> **Your task**:
Once the pictures are removed, restate the listing word for word.

> **Information supplied**:
◆ ◆ ◆ ◆ ◆ ◆ ◆

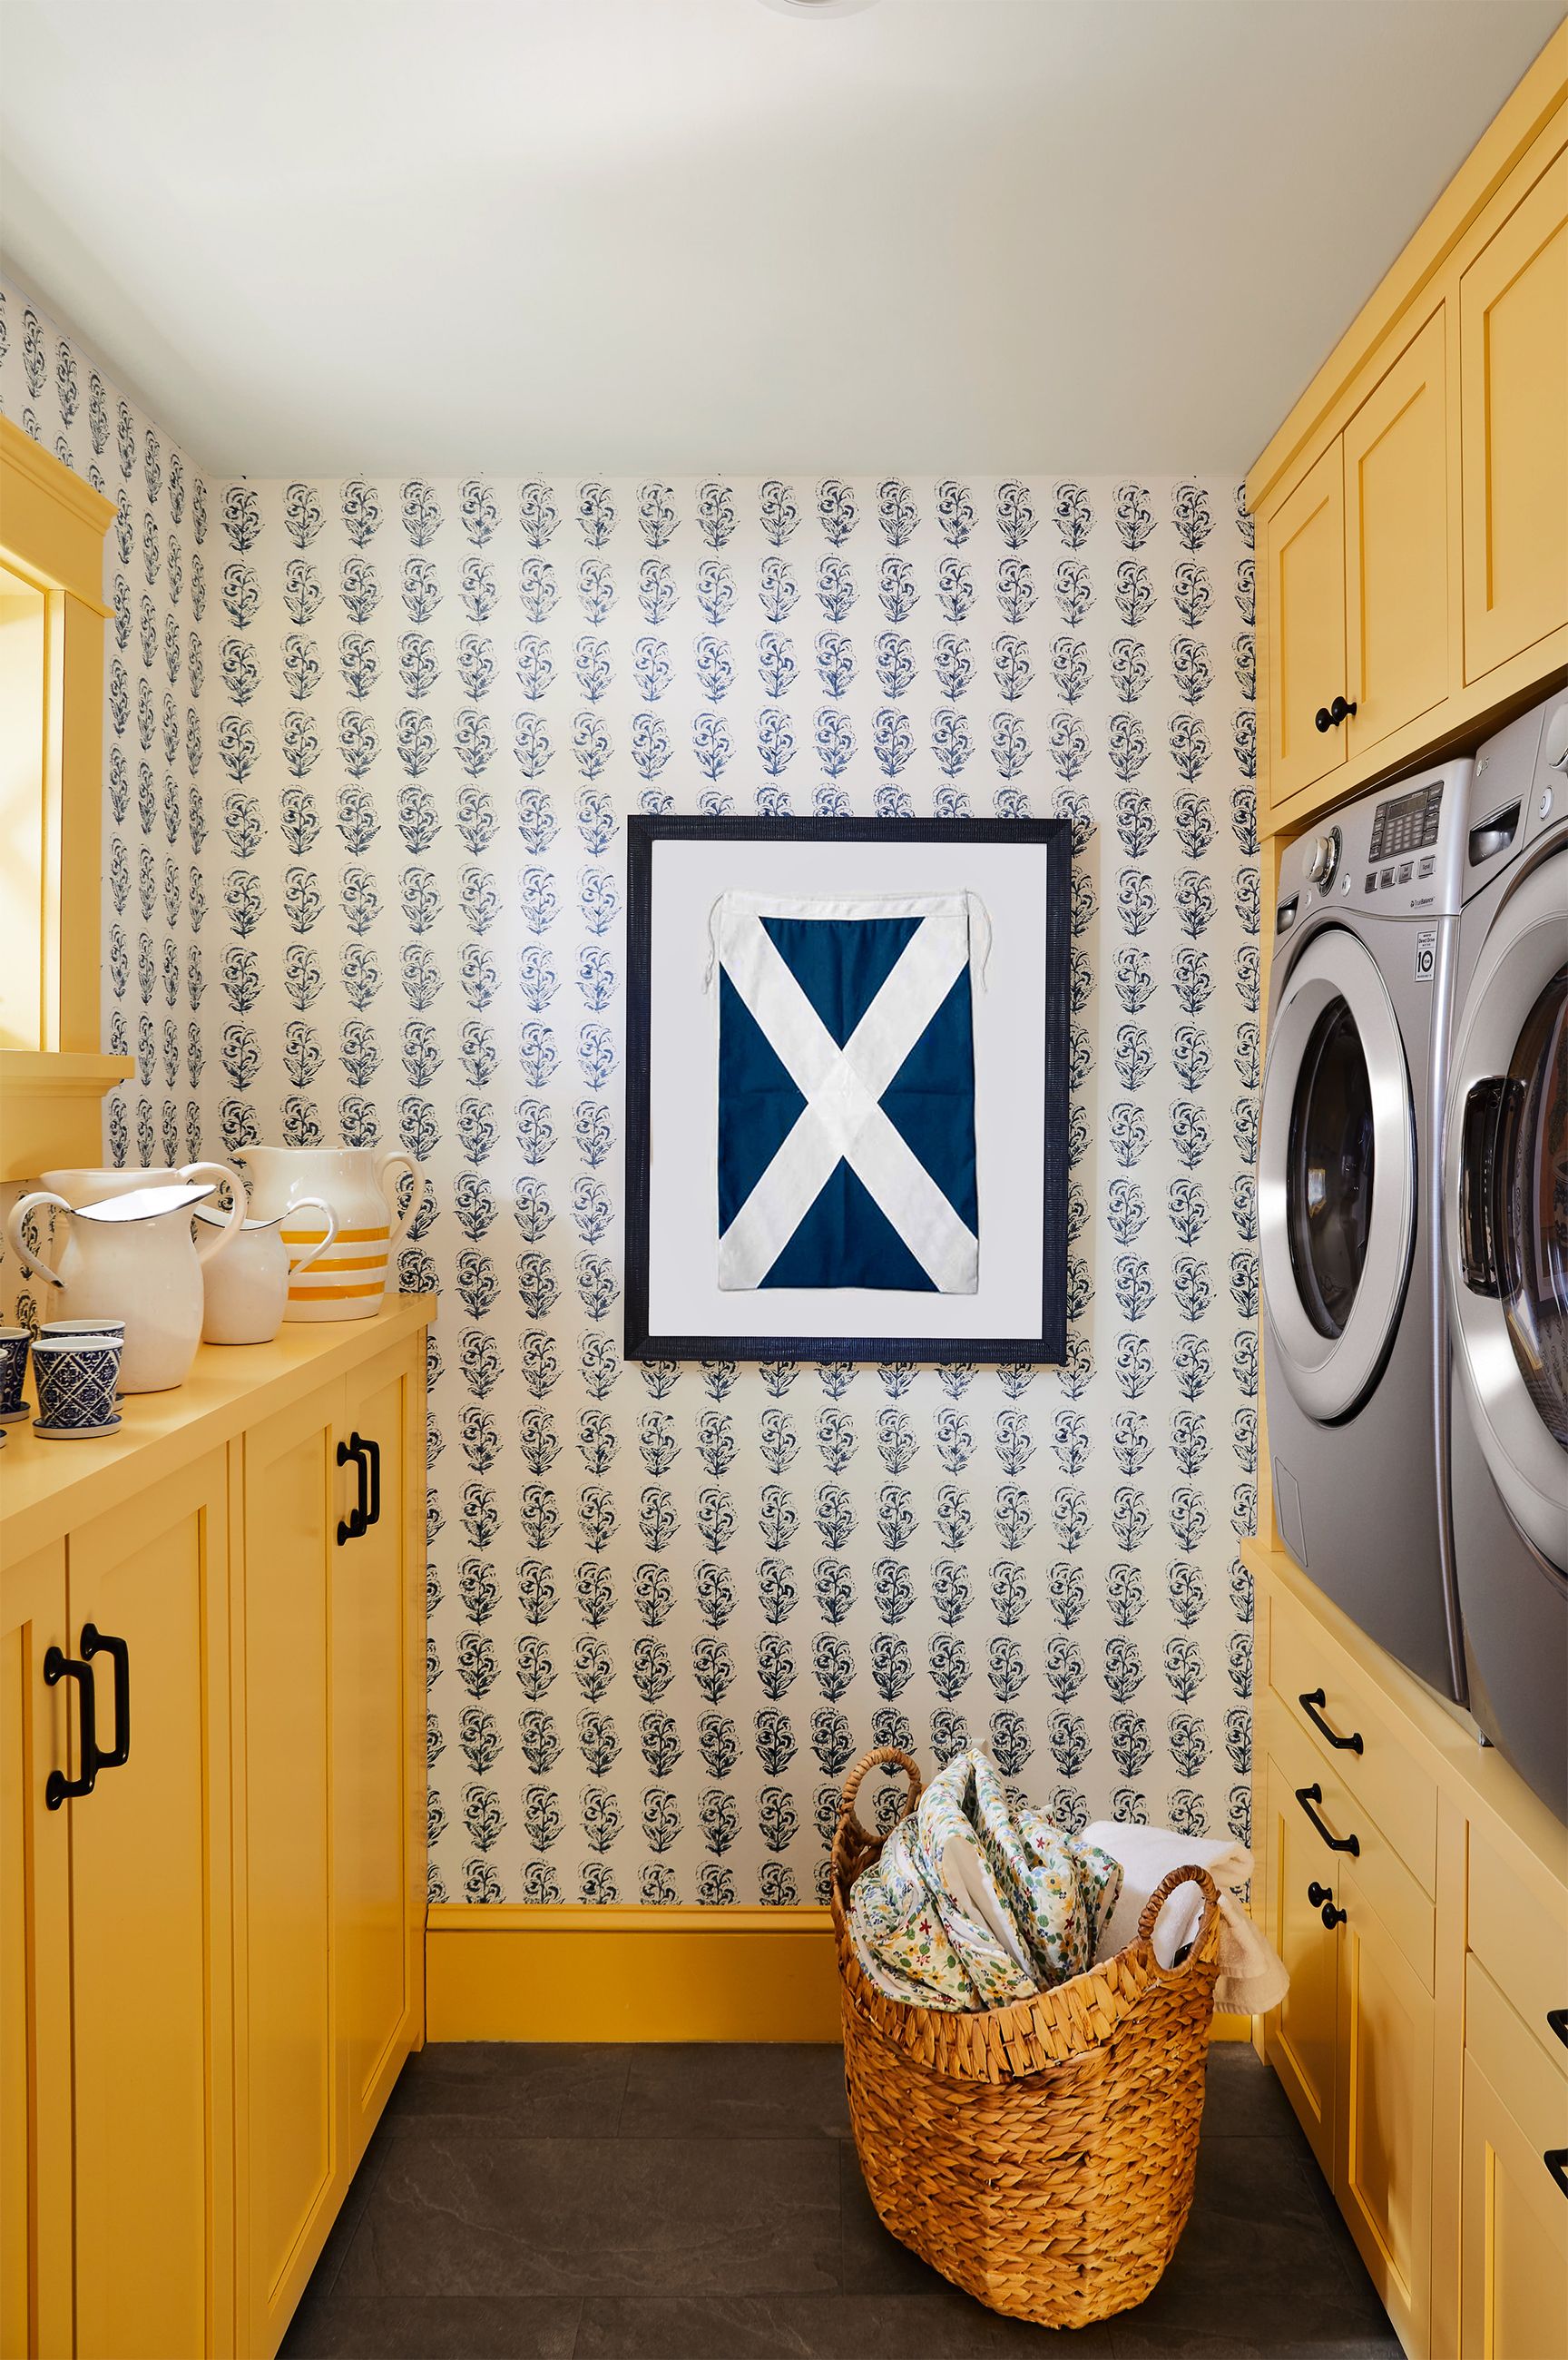 Aggregate 72+ fun laundry room wallpaper best - in.cdgdbentre
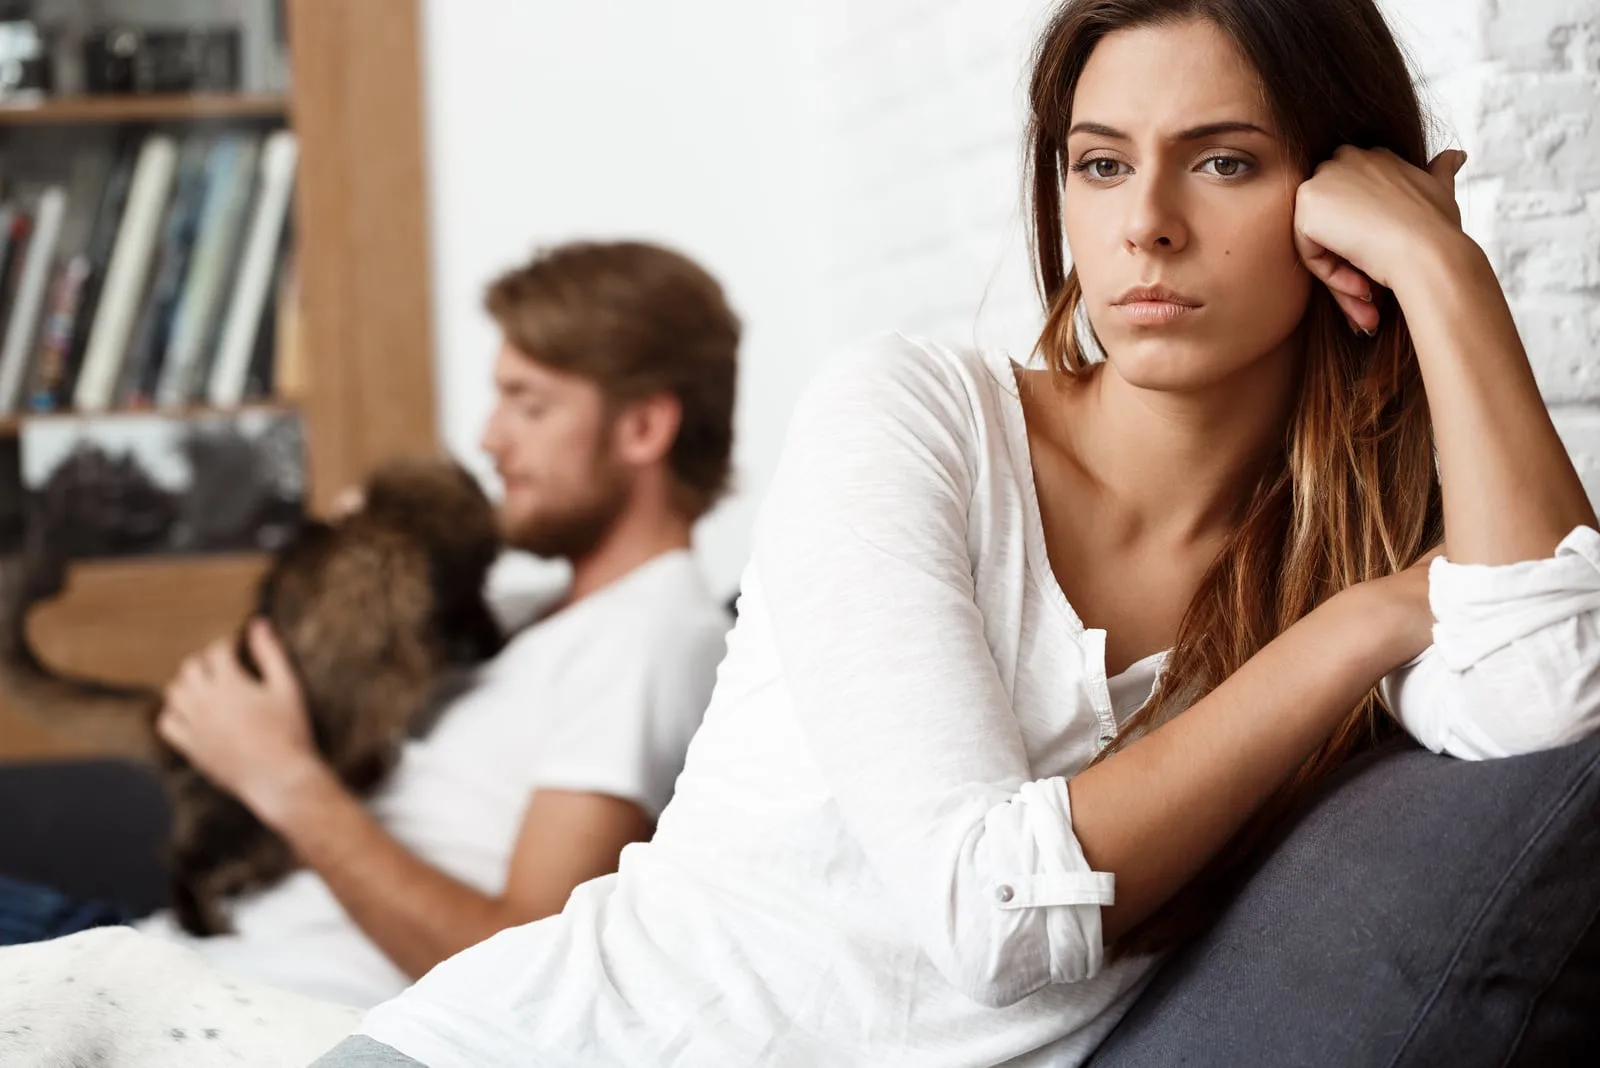 sad woman sitting apart from man who is playing with cat
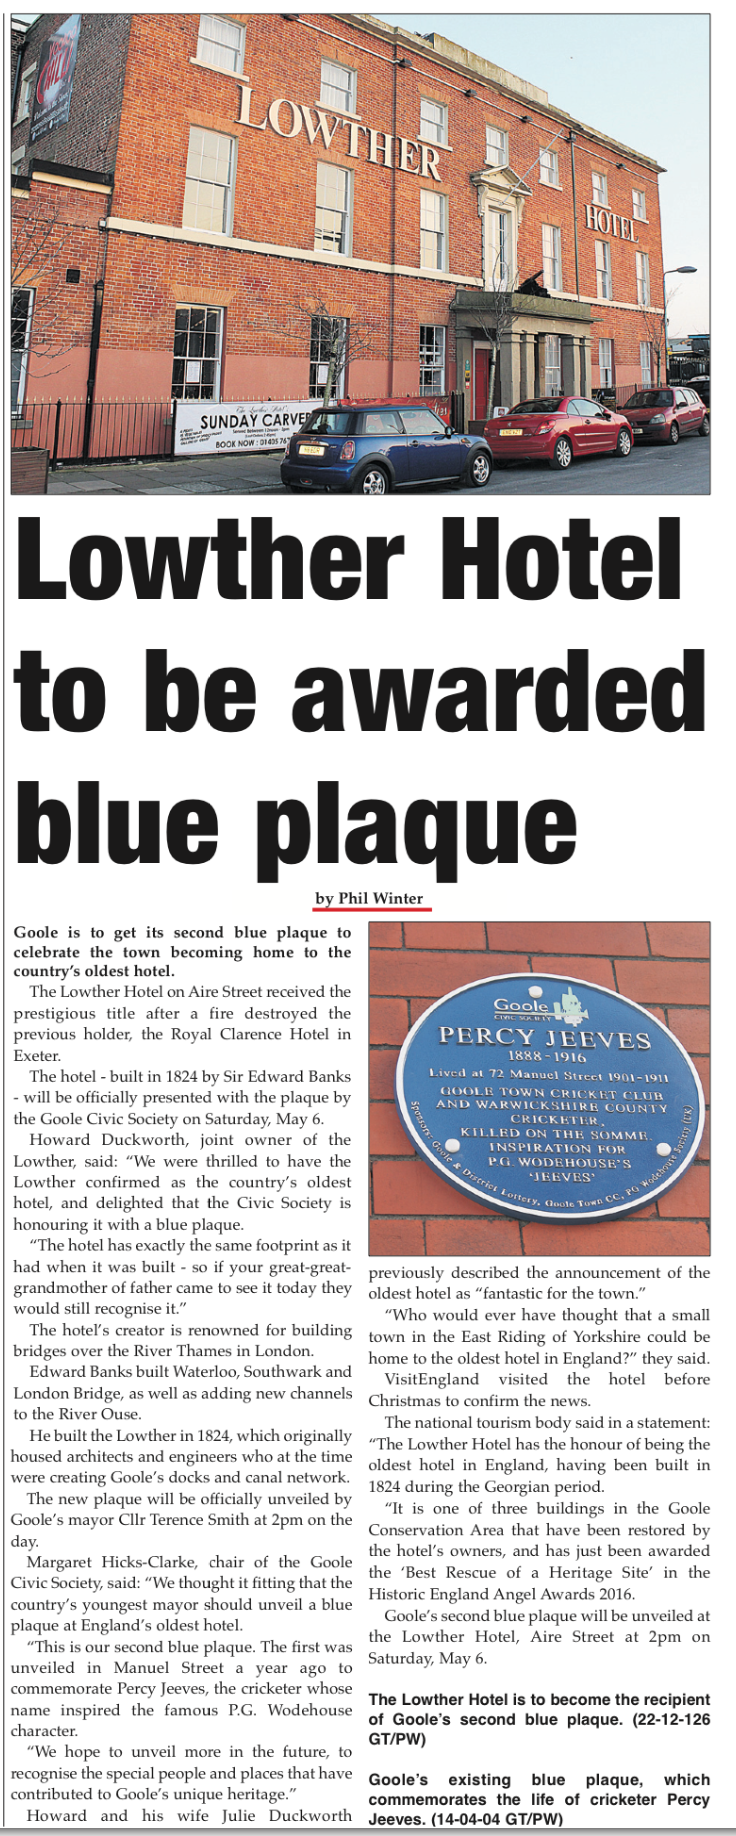 Lowther Hotel,Goole, East Riding of Yorkshire, to get Civic Society Blue Plaque as England's oldest hotel

◆ ◆ ◆ ◆ ◆ ◆ ◆

> **Exercise solution**:
 Aggregate 72+ fun laundry room wallpaper best - in.cdgdbentre
 sad woman sitting apart from man who is playing with cat
 Lowther Hotel,Goole, East Riding of Yorkshire, to get Civic Society Blue Plaque as England's oldest hotel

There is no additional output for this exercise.